Multi-nominal logistic regression (MLR) was undertaken to examine the relationship between crash type and involvement and the CBQ and RPRS factors (Table 5). The model identified a significant relationship between gender and crash severity, with males reporting a significantly higher rate of involvement in crashes that did not require medical attention (OR = 1.9; 95%CI: 1.39, 2.66), however, the finding was not statistically significant when considering crashes requiring medical attention (OR = 1.4; 95%CI: 1.00, 2.00, p = 0.053). Notwithstanding, the analysis highlights the increased likelihood of males self-reporting minor injury crashes and those requiring medical attention compared to females. Interestingly, age was not a significant predictor of crash severity, despite the correlation analysis identifying a significant negative relationship between total crashes and age. Of the factors included in the CBQ, the odds of minor crashes and crashes requiring medical attention increased with higher rates of self-reported errors, while there was a protective factor associated with positive behaviours, but only for crashes requiring medical attention.

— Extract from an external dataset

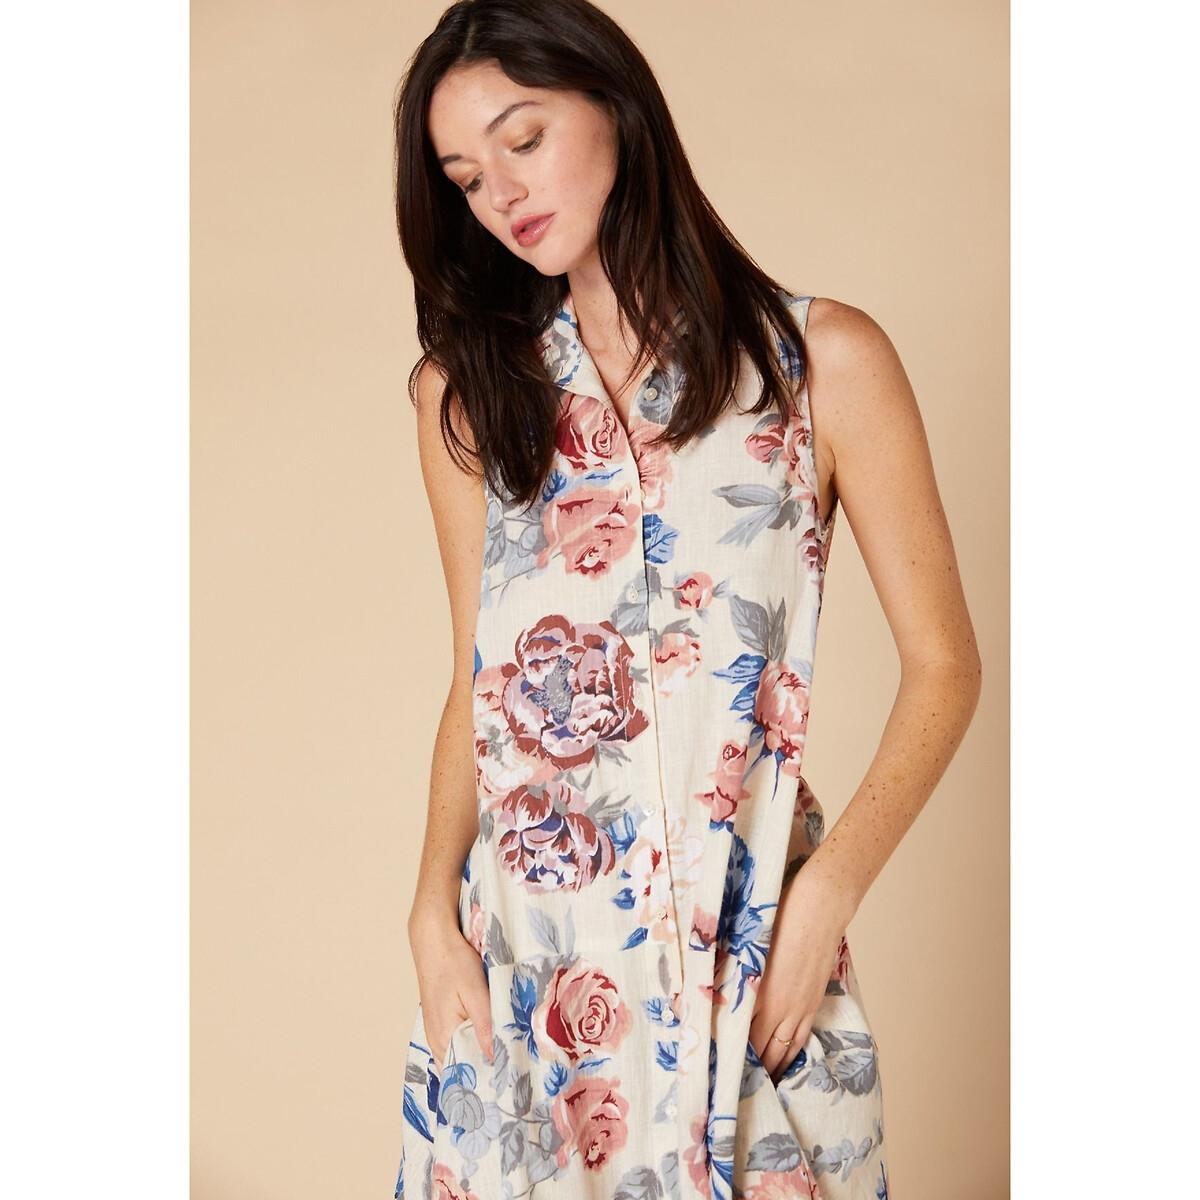 Платье La Redoute С цветочным рисунком и завязками на поясе M белый юбка la redoute короткая расклешенная с цветочным рисунком и оборками на поясе xs бежевый

Neither knowledge of traffic rules, nor risk perception were associated with crash severity.

4. Discussion

The aim of this study was to investigate the associations between self-reported bicycle riding behaviours, attitudes regarding risk perception, knowledge of traffic rules and the frequency and severity of self-reported crashes amongst Australian cyclists. This was done using two previously validated measures designed for bicycle riders; the CBQ, measuring behaviour [38] and the RPRS, measuring risk perception and road rule knowledge [41]. The results showed that behaviours were significantly associated with crash outcomes. Specifically, high levels of errors and low levels of positive behaviours were associated with crashes, albeit generally participants reported low levels of risky behaviours.

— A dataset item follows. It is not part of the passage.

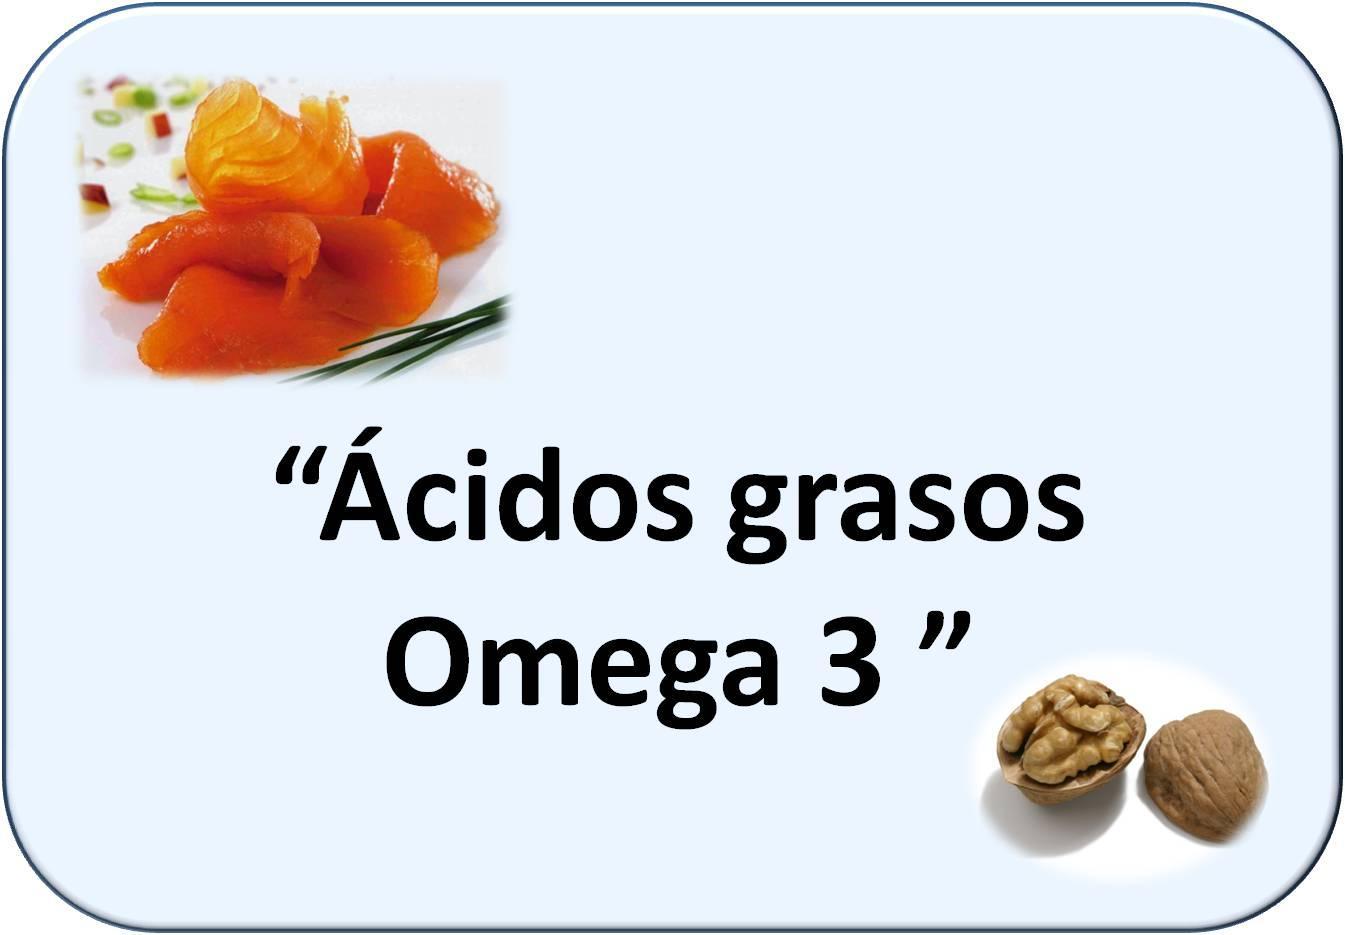 Simbología de Ácidos grasos Omega-3: salmón y nueces

Overall, people in the sample reported low levels of errors and violations while riding a bicycle. These findings are similar to previous applications of the CBQ and similar self-report-based assessment tools worldwide, including Useche [38], Zheng [40], Feenstra [35], Hezaveh [53] and O’Hern [30], who found that people who ride bicycles tend to exhibit low levels of risky behaviours. Despite the infrequency of these behaviours, correlation analysis showed a weak positive relationship between self-reported risky behaviours and total crashes over the past five years, demonstrating that cyclists who engage in errors or violations more often also tend to report a higher number of crashes, as consistently found across the aforementioned studies. Further, there was some evidence that the frequency of errors was also related to the severity of the crashes. After controlling for age, gender, cycling frequency and attitudes, the odds of crash involvement (minor or injury) increased as self-reported error frequency increased. The findings align with research by Hezaveh [53], who identified that control errors and notice failures were significantly associated with self-reported crash involvement. This may be because errors are unintentional behaviours which are beyond the control of the rider and can occur at any time, increasing their risk of being involved in a crash. On the other hand, violations are deliberate behaviours and as such riders may choose when to engage in them (i.e., when they feel it is safe to do so) [30]. At the same time, cyclists are often not at fault when involved in a collision, particularly when other road users are involved [54], and this may explain the relatively low predictive power of behaviours for crash involvement for cyclists.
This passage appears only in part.